7 responses to “@voxday gets it wrong on IQ (again)”

  1. Here’s an increasingly notorious quote from Aaron Banks, one of the significant people who helped to bankroll UKIP and the Leave campaign in the UK referendum:
    “It was taking an American-style media approach,” said Banks. “What they said early on was ‘facts don’t work’ and that’s it. The remain campaign featured fact, fact, fact, fact, fact. It just doesn’t work. You have got to connect with people emotionally. It’s the Trump success.”
    I think that pretty much sums up the entire problem in a nutshell. Find something that sounds as though it fits your emotional argument and don’t worry if the supporting material doesn’t actually support it, because no-one is going to look at that.


  2. Is the penultimate quote saying that even _if_ you accept the idea that these immigrants to France are x amount of IQ lower than the French population, the amount of x and the % of the population they represent isn’t capable of creating the observed drop?


    • Yes and the authors are accepting that [personally I think the notion of national iQs is weak]- and similar drops have occurred in other countries with low immigration and not occurred to the same extent in countries with high immigration. The ‘biological’ line being suggested here is a ‘dysgenic’ one – i.e. the claim that people with lower IQs tend to have more kids than people with high IQs, so countries should get less smart over time. The effect does not match experience of course, hence people hunting around for it where they can.

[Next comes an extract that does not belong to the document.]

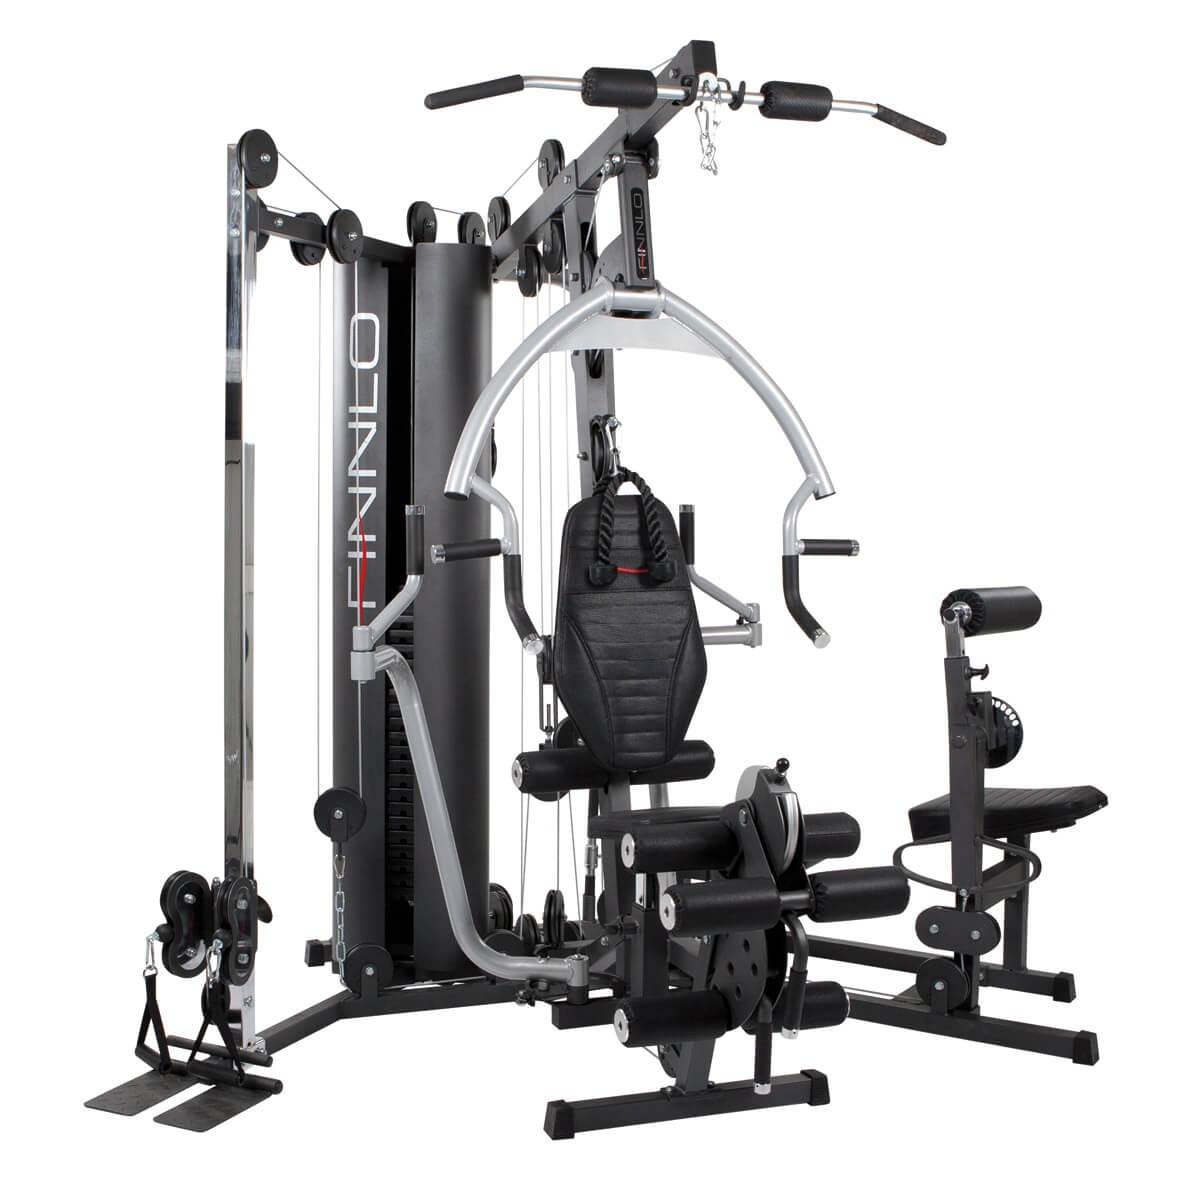 Buy FINNLO by HAMMER multi gym Autark 6600

    • Ironically, if that group of 79 was disproportionate in the number of recent immigrants then various things make more sense. In particular one of the subtests that showed the biggest difference was Vocabulary. Now that is one that is g-loaded for native speakers of the target language but (obviously) not so for people for who the test is not their first language. Arithmetic on the other hand (less language sensitive) showed little change.

      Liked by 1 person

      • I was reading the vocabulary part & thinking the numbers have little meaning if they are using French to test immigrants where French might be their 2nd or 3rd language.

        One if my complaints with IQ tests is dominant cultural bias and class are built into the questions of all the ones I’ve seen.